That's a relief. I post a whole lot from Wednesday to Friday, then just abotu nothing from Saturday to Tuesday. Because of that, I've avoided PbP games, for fear of pissing folks off.  If that wouldn't happen, though...

- Kemrain the Wondering if it's Time to PbP.


----------



## Rystil Arden

Crothian said:
			
		

> I never eat enough of the right people.....



 Can you eat ENWorld's enemies next?


----------



## Jdvn1

Rystil Arden said:
			
		

> See, now that strikes me as bad. It means that a good two days of game time might take a year.



If it's all combat, maybe.

Most combat doesn't take quite that long.  And GMs known how to make combat simple and quick.  It's workable.


----------



## Rystil Arden

Kemrain said:
			
		

> That's a relief. I post a whole lot from Wednesday to Friday, then just abotu nothing from Saturday to Tuesday. Because of that, I've avoided PbP games, for fear of pissing folks off.  If that wouldn't happen, though...
> 
> - Kemrain the Wondering if it's Time to PbP.



 Riiiiiiiight.  You never post on Tuesday


----------



## Crothian

Rystil Arden said:
			
		

> Hahaha.  Very true, but not true for me.  People constantly tell me to eat more.

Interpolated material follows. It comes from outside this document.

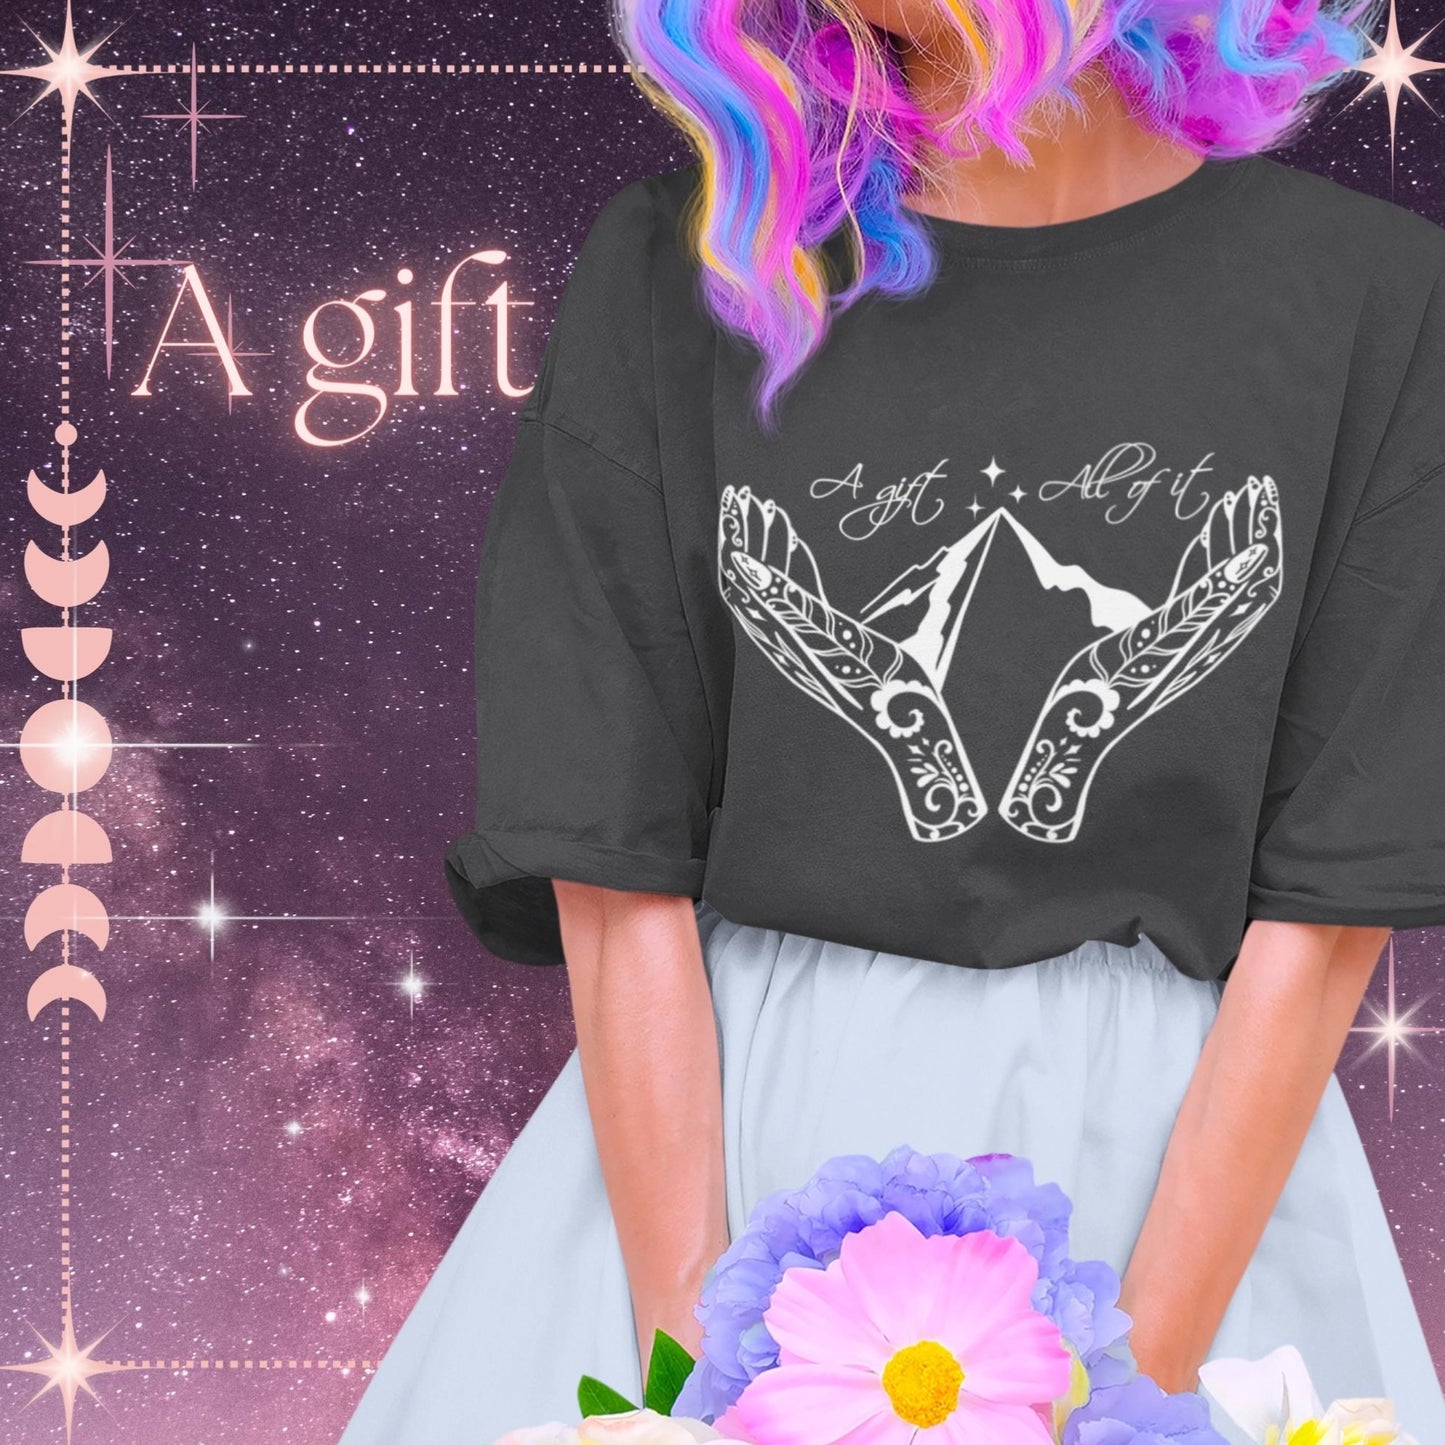 ACOTAR Shirt - A Gift, All of it - Feyre's Hands Holding Ramiel T-Shirt
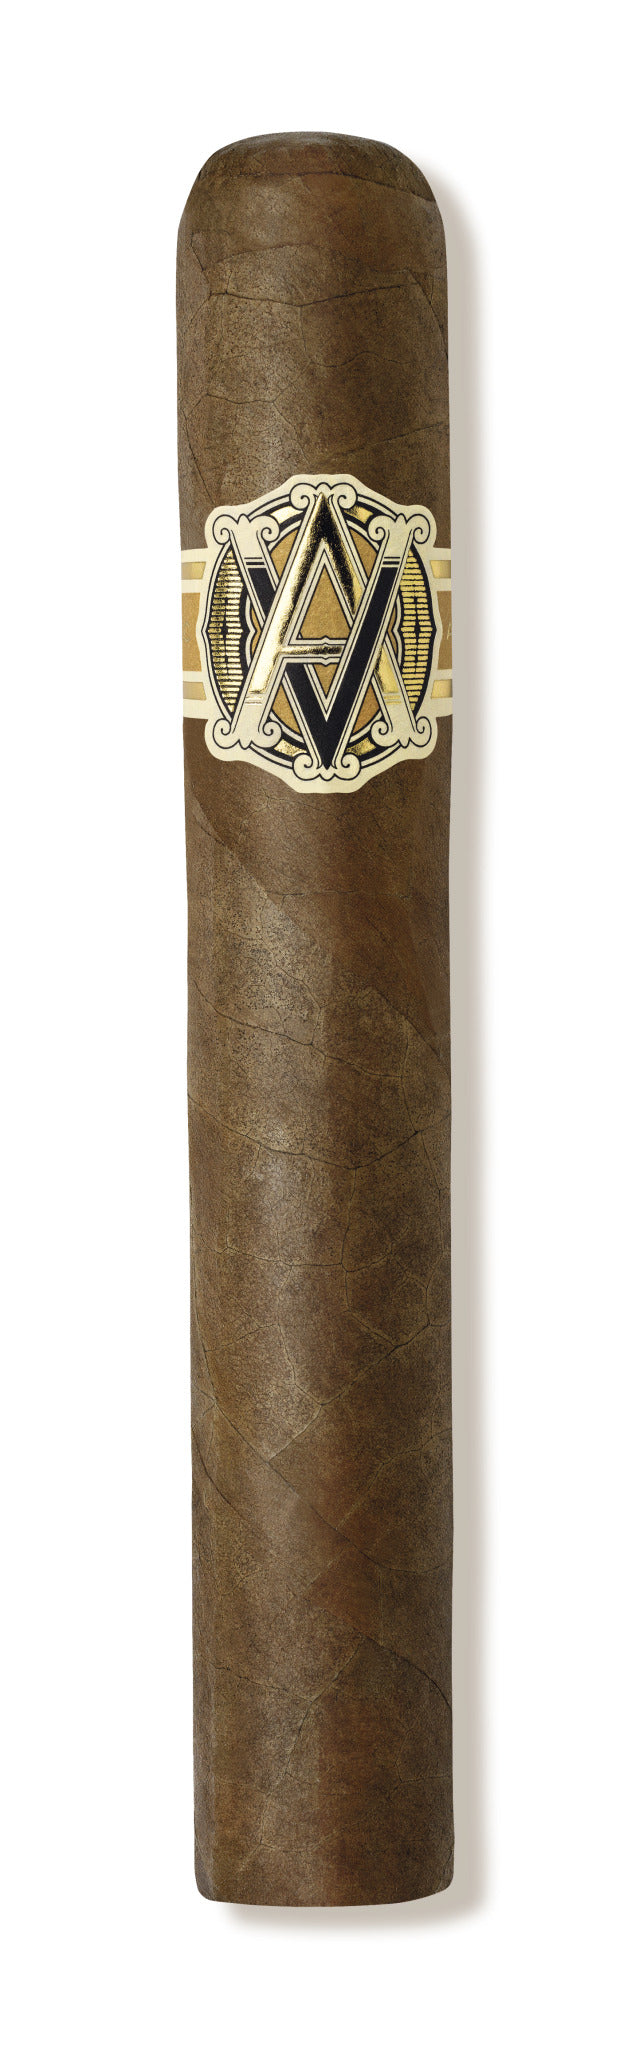 Avo Cigars Classic No.6 Featured Image

excellent, I can fit you in next tHursday for dinner.....


----------



## Kemrain

Rystil Arden said:
			
		

> Can you eat ENWorld's enemies next?



ENWorld has enemies?!

- Kemrain the Suprised.


----------



## Crothian

Kemrain said:
			
		

> That's a relief. I post a whole lot from Wednesday to Friday, then just abotu nothing from Saturday to Tuesday. Because of that, I've avoided PbP games, for fear of pissing folks off.  If that wouldn't happen, though...
> 
> - Kemrain the Wondering if it's Time to PbP.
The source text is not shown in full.